* [Action item] The reply should hold every line of the data below, unchanged, and none of the pictures.

* [Information provided]
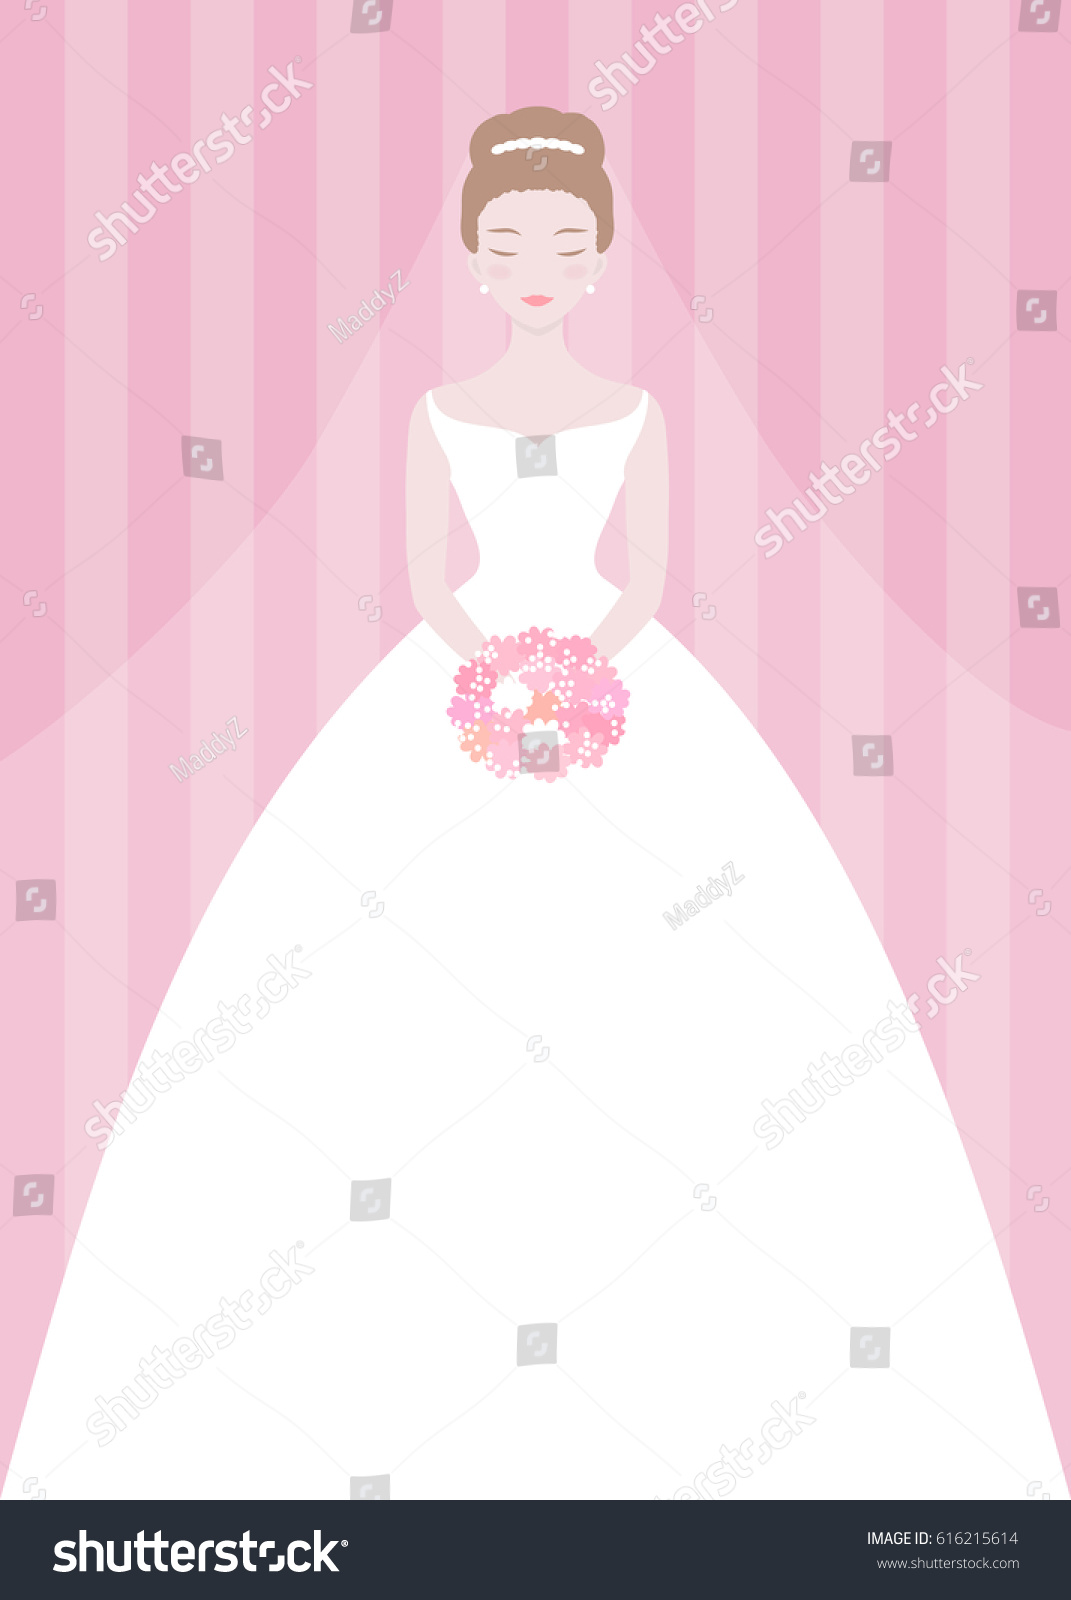 Bridal Shower Invitation Template Wedding Fashion Stock Vector ...
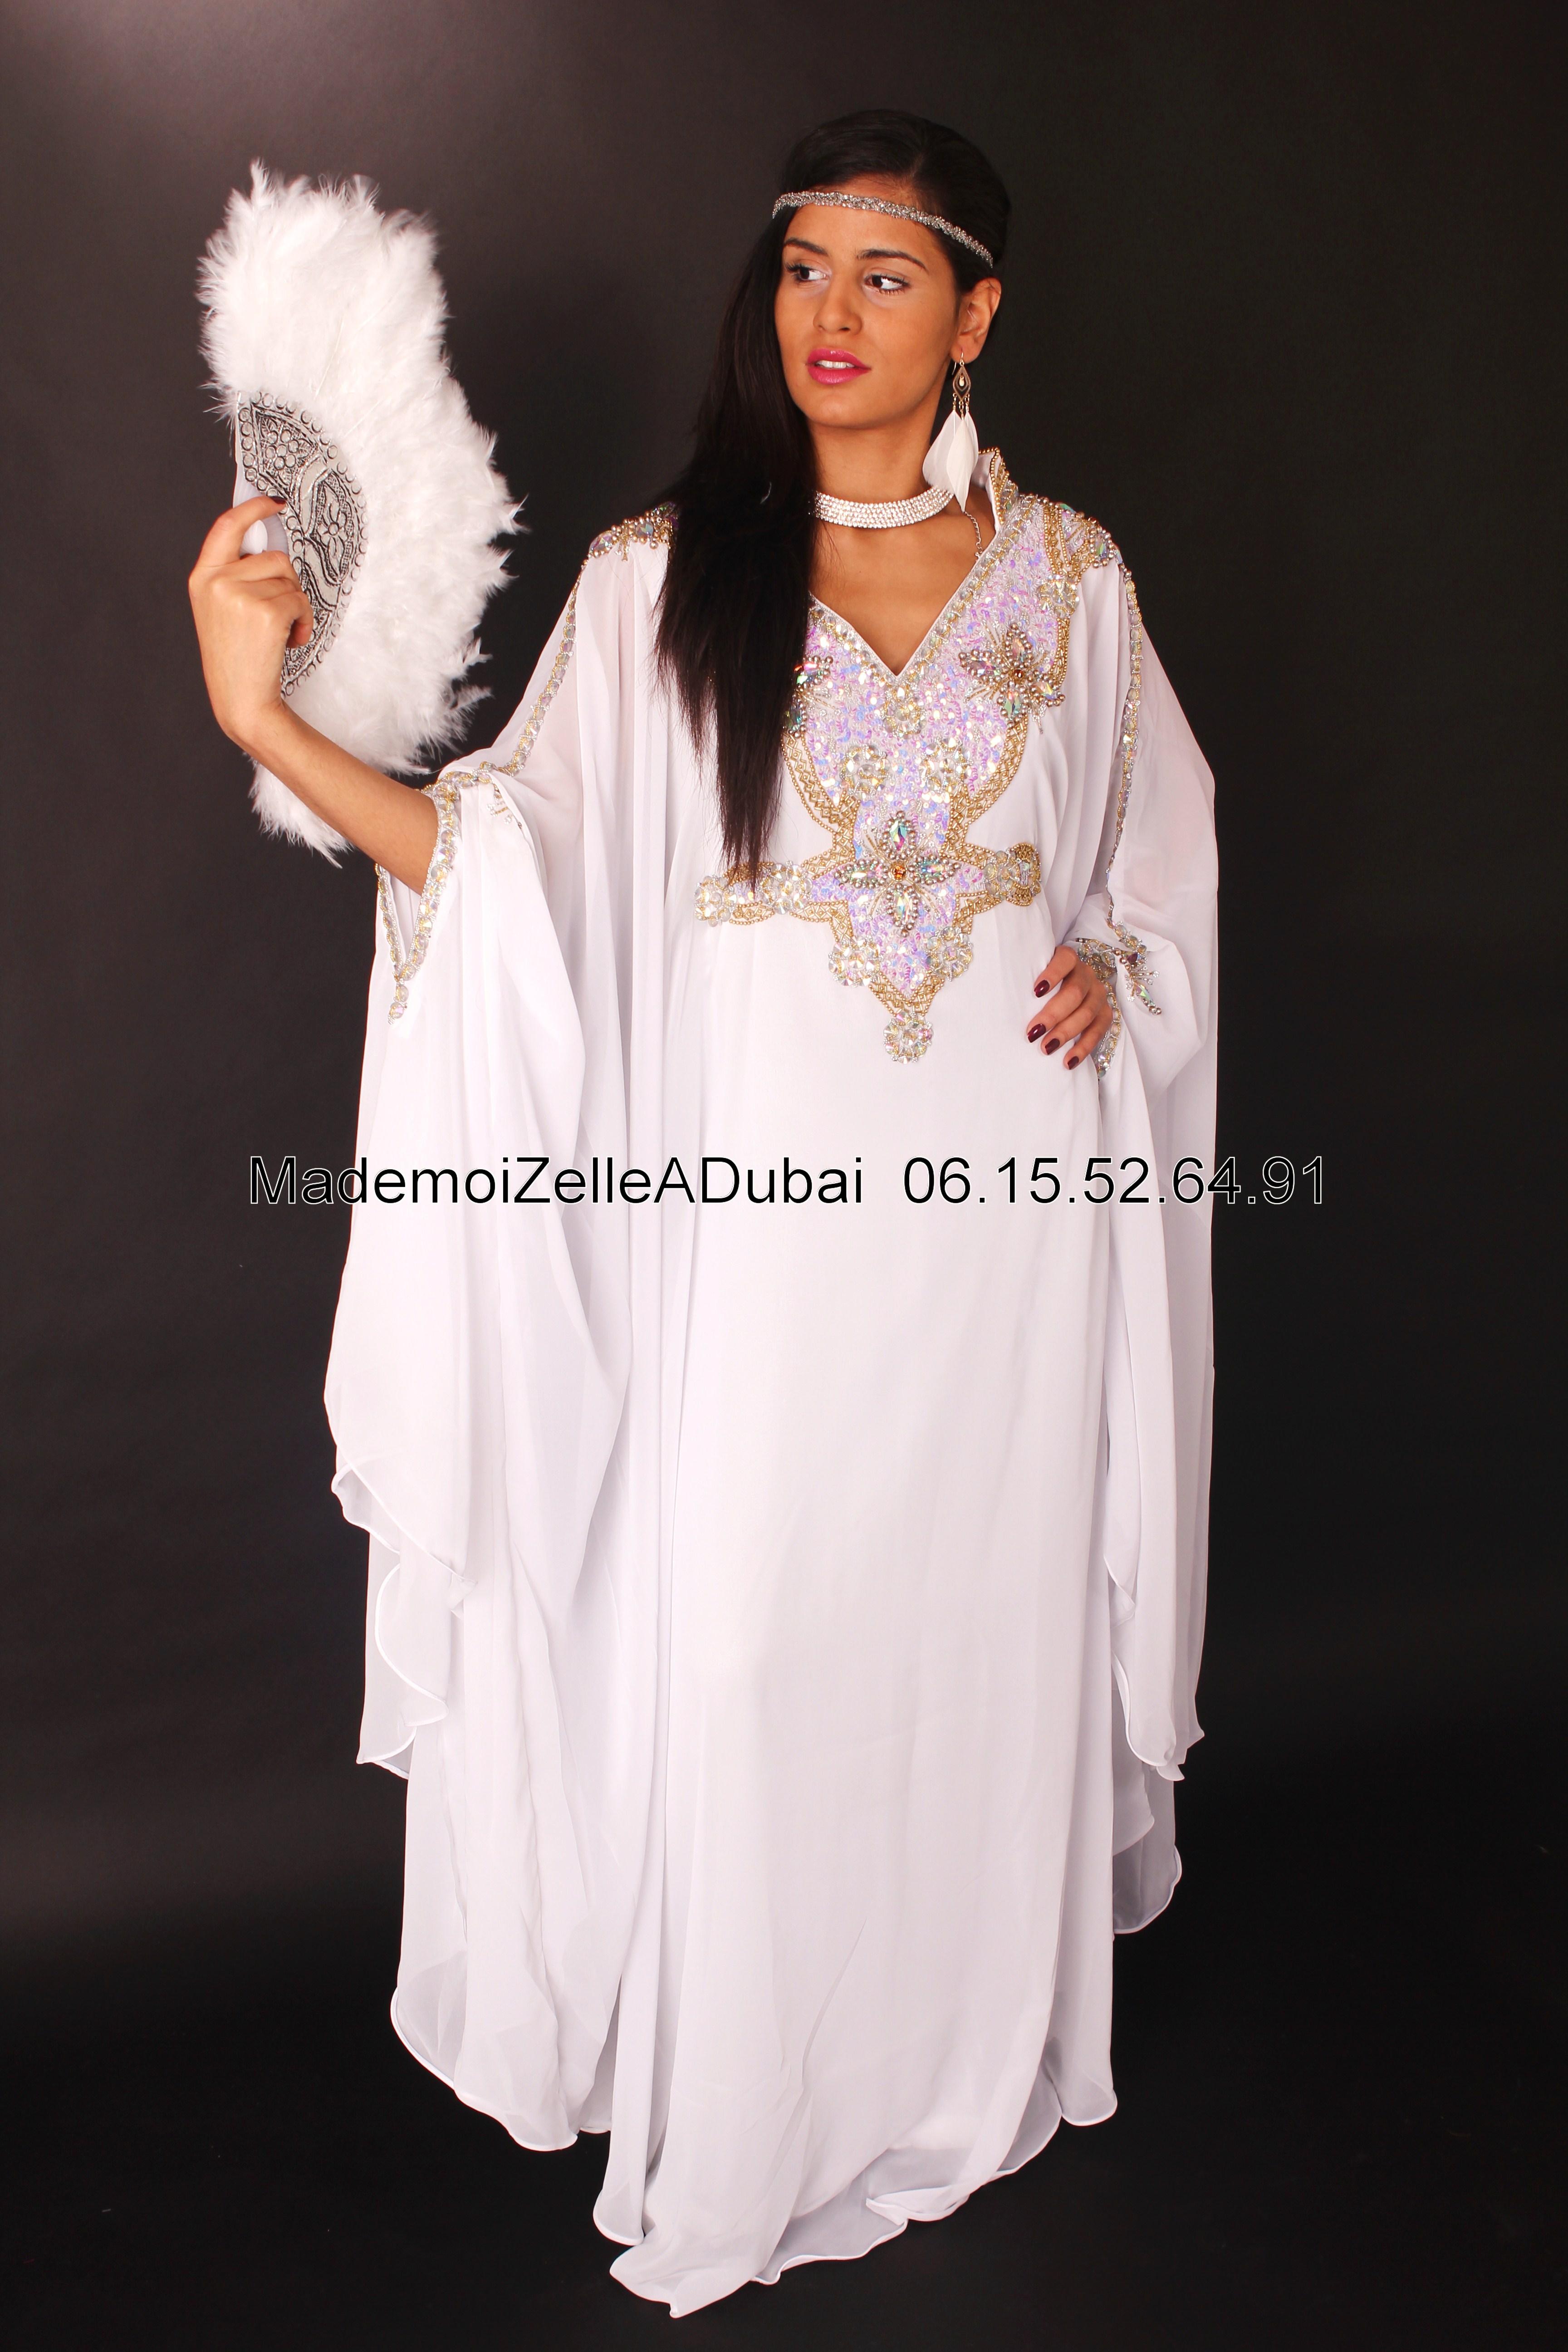 Pin negafa location robe soir mariage montekao genuardis for Boutique de location de robe de mariage dubai
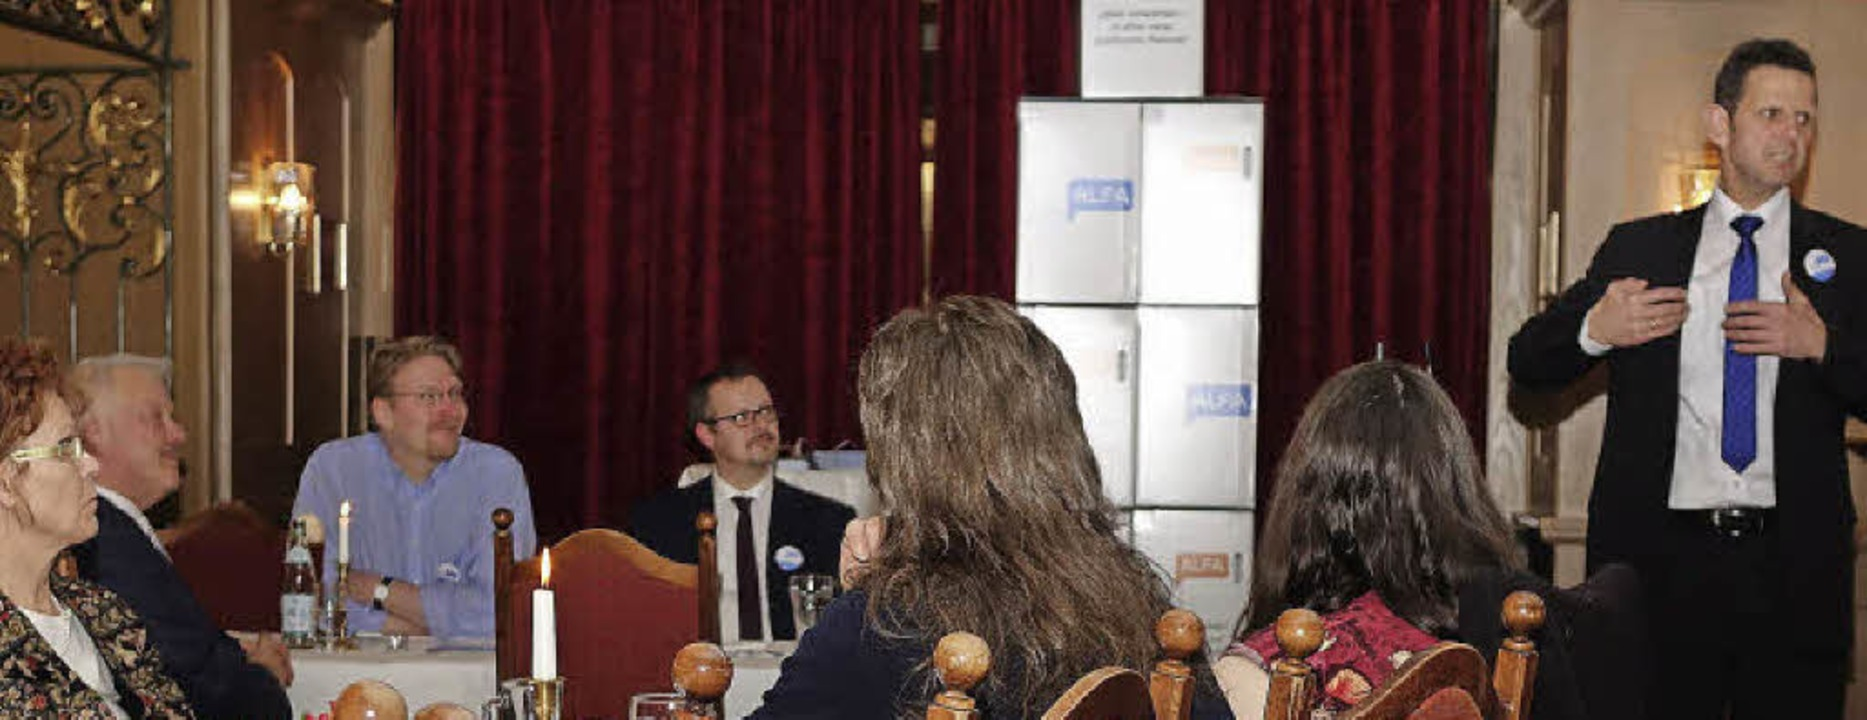 Bernd Kölmel (re.), ehemals AfD und je...hlveranstaltung zur Landtagswahl vor.   | Foto: Hege

* [Exercise output]
 Bridal Shower Invitation Template Wedding Fashion Stock Vector ...
 Pin negafa location robe soir mariage montekao genuardis for Boutique de location de robe de mariage dubai
 Bernd Kölmel (re.), ehemals AfD und je...hlveranstaltung zur Landtagswahl vor.   | Foto: Hege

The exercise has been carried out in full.